- PROMPT
Retype all the records below exactly as they are, with no image carried over.

- Opening Delimiter -

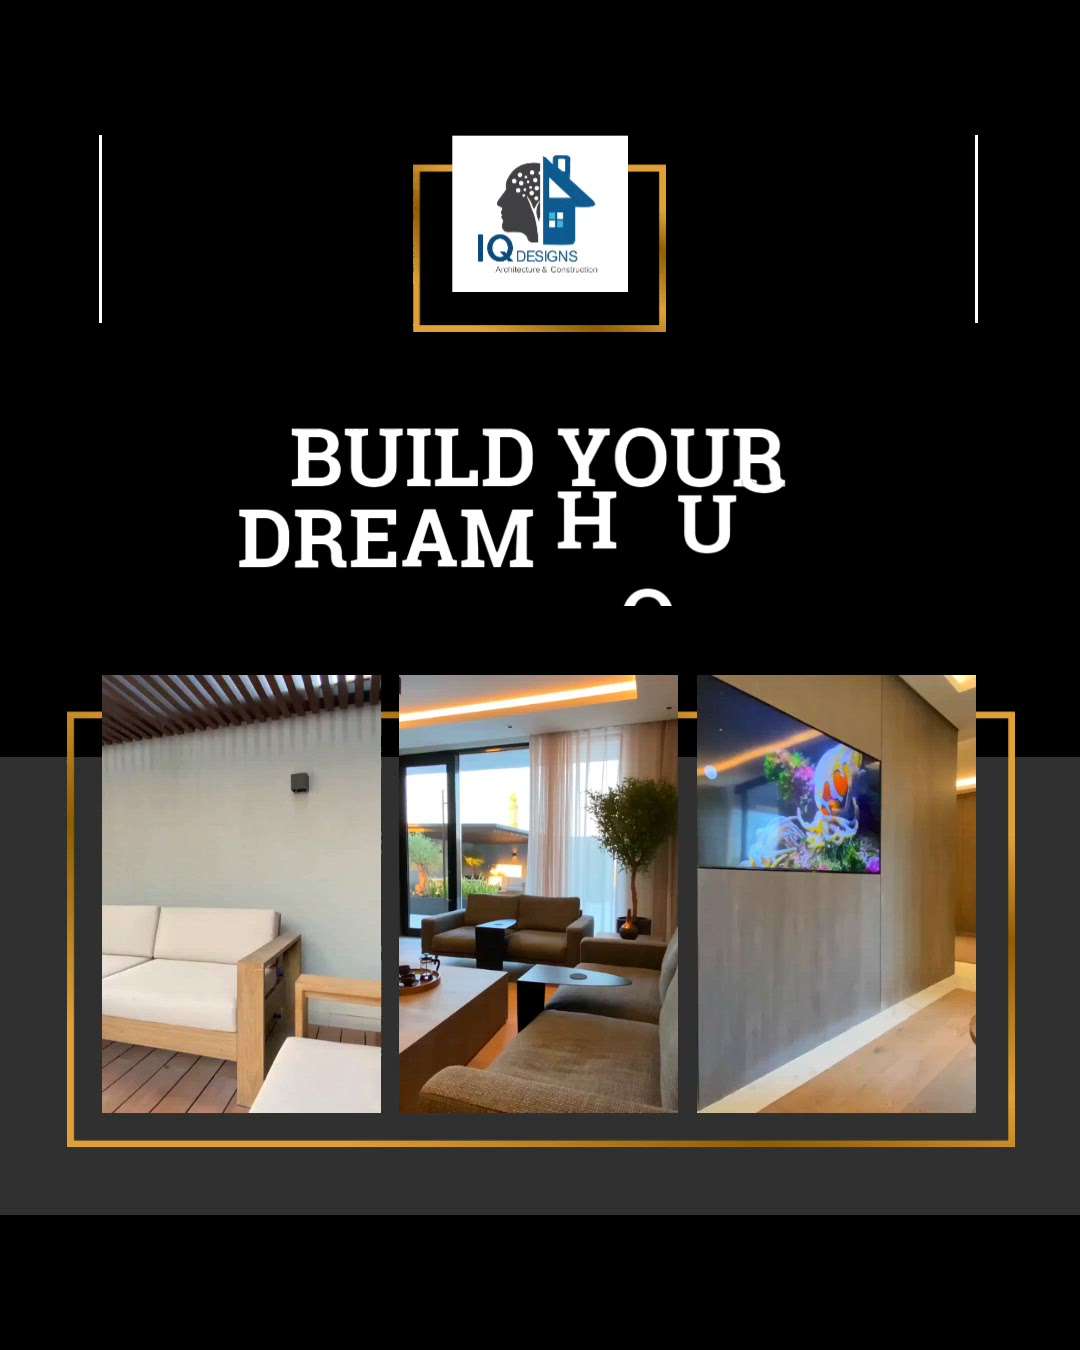 Our Best Service Make your Home Best🏠
⚒️

.#construction #newconstruction #underconstruction #bodyunderconstruction #constructionlife #constructionsite #constructionworker #reconstruction #civilconstruction #constructionmanagement #constructions #deconstruction #constructionequipment #preconstruction #landscapeconstruction #womeninconstruction #constructionmaison
 #newhomeconstruction
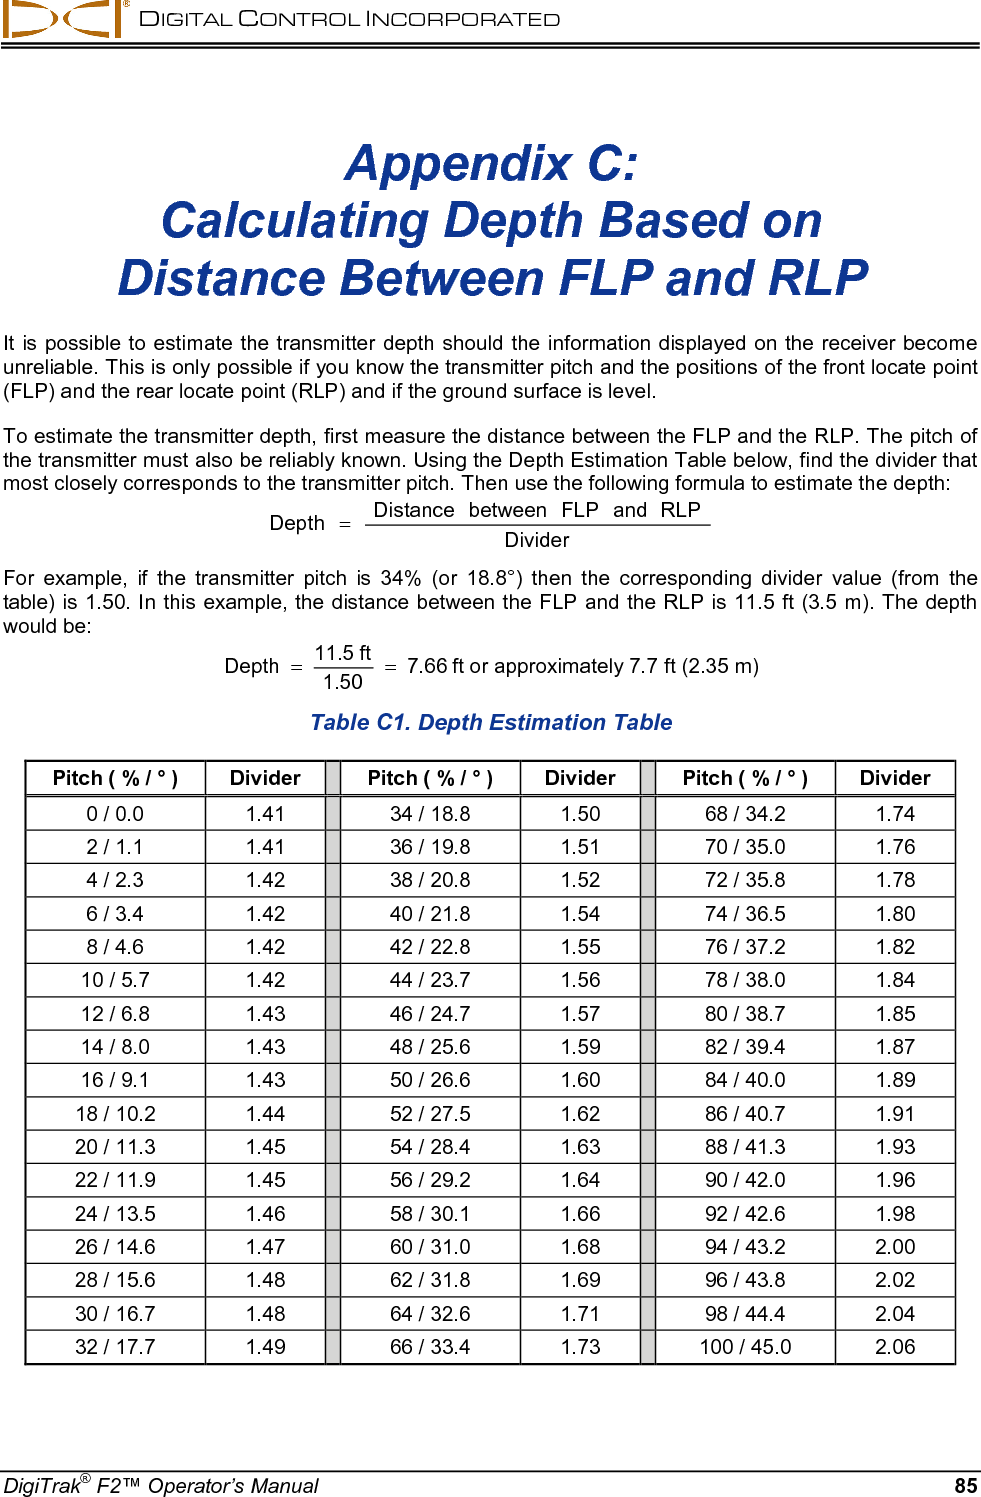  DIGITAL CONTROL INCORPORATED  DigiTrak® F2™ Operator’s Manual 85 Appendix C:  Calculating Depth Based on  Distance Between FLP and RLP  It is possible to estimate the transmitter depth should the information displayed on the receiver become unreliable. This is only possible if you know the transmitter pitch and the positions of the front locate point (FLP) and the rear locate point (RLP) and if the ground surface is level.  To estimate the transmitter depth, first measure the distance between the FLP and the RLP. The pitch of the transmitter must also be reliably known. Using the Depth Estimation Table below, find the divider that most closely corresponds to the transmitter pitch. Then use the following formula to estimate the depth: DividerRLPandFLPbetweenDistanceDepth = For example, if the transmitter pitch is 34% (or 18.8°) then the corresponding divider value (from the table) is 1.50. In this example, the distance between the FLP and the RLP is 11.5 ft (3.5 m). The depth would be: 7.661.50ft 11.5Depth ==ft or approximately 7.7 ft (2.35 m)  Table C1. Depth Estimation Table Pitch ( % / ° ) Divider    Pitch ( % / ° ) Divider    Pitch ( % / ° ) Divider 0 / 0.0 1.41    34 / 18.8 1.50    68 / 34.2 1.74 2 / 1.1 1.41    36 / 19.8 1.51    70 / 35.0 1.76 4 / 2.3 1.42    38 / 20.8 1.52    72 / 35.8 1.78 6 / 3.4 1.42    40 / 21.8 1.54    74 / 36.5 1.80 8 / 4.6 1.42    42 / 22.8 1.55    76 / 37.2 1.82 10 / 5.7 1.42    44 / 23.7 1.56    78 / 38.0 1.84 12 / 6.8 1.43    46 / 24.7 1.57    80 / 38.7 1.85 14 / 8.0 1.43    48 / 25.6 1.59    82 / 39.4 1.87 16 / 9.1 1.43    50 / 26.6 1.60    84 / 40.0 1.89 18 / 10.2 1.44    52 / 27.5 1.62    86 / 40.7 1.91 20 / 11.3 1.45    54 / 28.4 1.63    88 / 41.3 1.93 22 / 11.9 1.45    56 / 29.2 1.64    90 / 42.0 1.96 24 / 13.5 1.46    58 / 30.1 1.66    92 / 42.6 1.98 26 / 14.6 1.47    60 / 31.0 1.68    94 / 43.2 2.00 28 / 15.6 1.48    62 / 31.8 1.69    96 / 43.8 2.02 30 / 16.7 1.48    64 / 32.6 1.71    98 / 44.4 2.04 32 / 17.7 1.49    66 / 33.4 1.73    100 / 45.0 2.06  
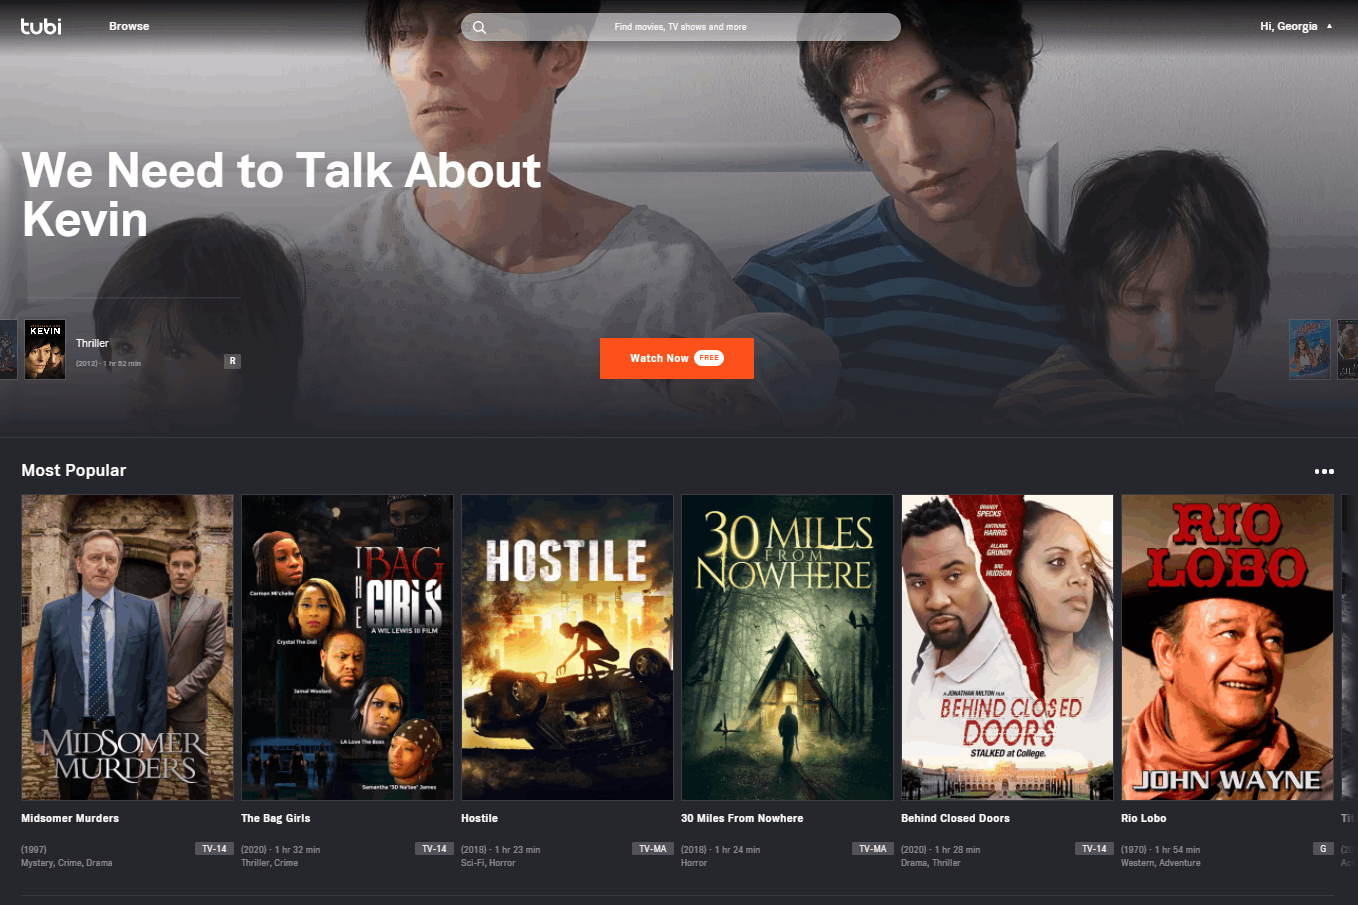 Tubi - The Amazing Free App that Thalia Reyes Recommends with Thousands of Movies and TV Shows
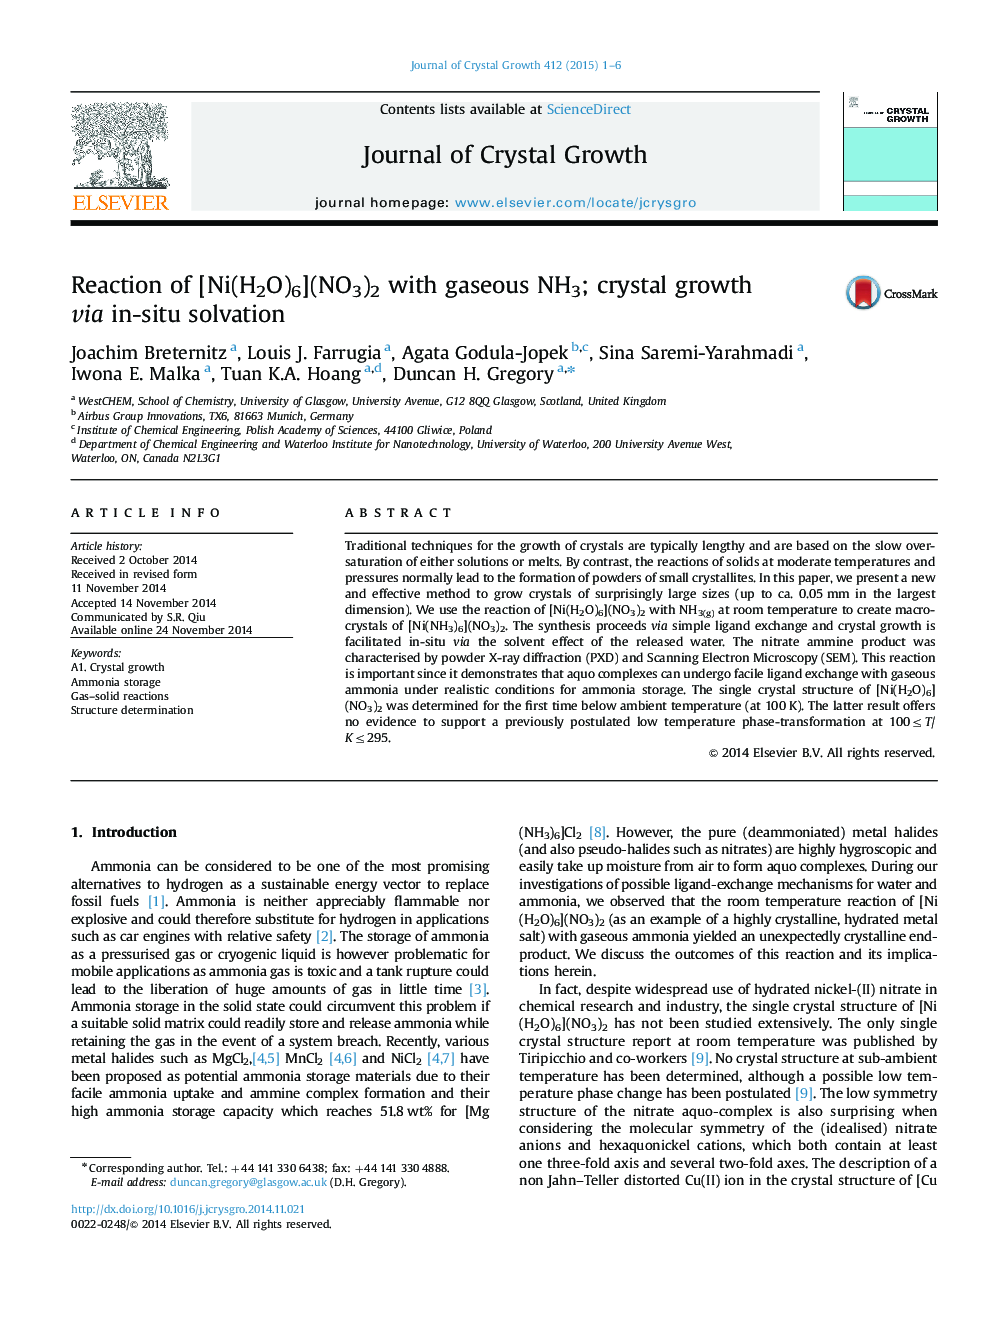 Reaction of [Ni(H2O)6](NO3)2 with gaseous NH3; crystal growth via in-situ solvation

- Closing Delimiter -

- SOLUTION TO THE EXERCISE
 Our Best Service Make your Home Best🏠
⚒️

.#construction #newconstruction #underconstruction #bodyunderconstruction #constructionlife #constructionsite #constructionworker #reconstruction #civilconstruction #constructionmanagement #constructions #deconstruction #constructionequipment #preconstruction #landscapeconstruction #womeninconstruction #constructionmaison
 #newhomeconstruction
  DIGITAL CONTROL INCORPORATED  DigiTrak® F2™ Operator’s Manual 85 Appendix C:  Calculating Depth Based on  Distance Between FLP and RLP  It is possible to estimate the transmitter depth should the information displayed on the receiver become unreliable. This is only possible if you know the transmitter pitch and the positions of the front locate point (FLP) and the rear locate point (RLP) and if the ground surface is level.  To estimate the transmitter depth, first measure the distance between the FLP and the RLP. The pitch of the transmitter must also be reliably known. Using the Depth Estimation Table below, find the divider that most closely corresponds to the transmitter pitch. Then use the following formula to estimate the depth: DividerRLPandFLPbetweenDistanceDepth = For example, if the transmitter pitch is 34% (or 18.8°) then the corresponding divider value (from the table) is 1.50. In this example, the distance between the FLP and the RLP is 11.5 ft (3.5 m). The depth would be: 7.661.50ft 11.5Depth ==ft or approximately 7.7 ft (2.35 m)  Table C1. Depth Estimation Table Pitch ( % / ° ) Divider    Pitch ( % / ° ) Divider    Pitch ( % / ° ) Divider 0 / 0.0 1.41    34 / 18.8 1.50    68 / 34.2 1.74 2 / 1.1 1.41    36 / 19.8 1.51    70 / 35.0 1.76 4 / 2.3 1.42    38 / 20.8 1.52    72 / 35.8 1.78 6 / 3.4 1.42    40 / 21.8 1.54    74 / 36.5 1.80 8 / 4.6 1.42    42 / 22.8 1.55    76 / 37.2 1.82 10 / 5.7 1.42    44 / 23.7 1.56    78 / 38.0 1.84 12 / 6.8 1.43    46 / 24.7 1.57    80 / 38.7 1.85 14 / 8.0 1.43    48 / 25.6 1.59    82 / 39.4 1.87 16 / 9.1 1.43    50 / 26.6 1.60    84 / 40.0 1.89 18 / 10.2 1.44    52 / 27.5 1.62    86 / 40.7 1.91 20 / 11.3 1.45    54 / 28.4 1.63    88 / 41.3 1.93 22 / 11.9 1.45    56 / 29.2 1.64    90 / 42.0 1.96 24 / 13.5 1.46    58 / 30.1 1.66    92 / 42.6 1.98 26 / 14.6 1.47    60 / 31.0 1.68    94 / 43.2 2.00 28 / 15.6 1.48    62 / 31.8 1.69    96 / 43.8 2.02 30 / 16.7 1.48    64 / 32.6 1.71    98 / 44.4 2.04 32 / 17.7 1.49    66 / 33.4 1.73    100 / 45.0 2.06  
 Tubi - The Amazing Free App that Thalia Reyes Recommends with Thousands of Movies and TV Shows
 Reaction of [Ni(H2O)6](NO3)2 with gaseous NH3; crystal growth via in-situ solvation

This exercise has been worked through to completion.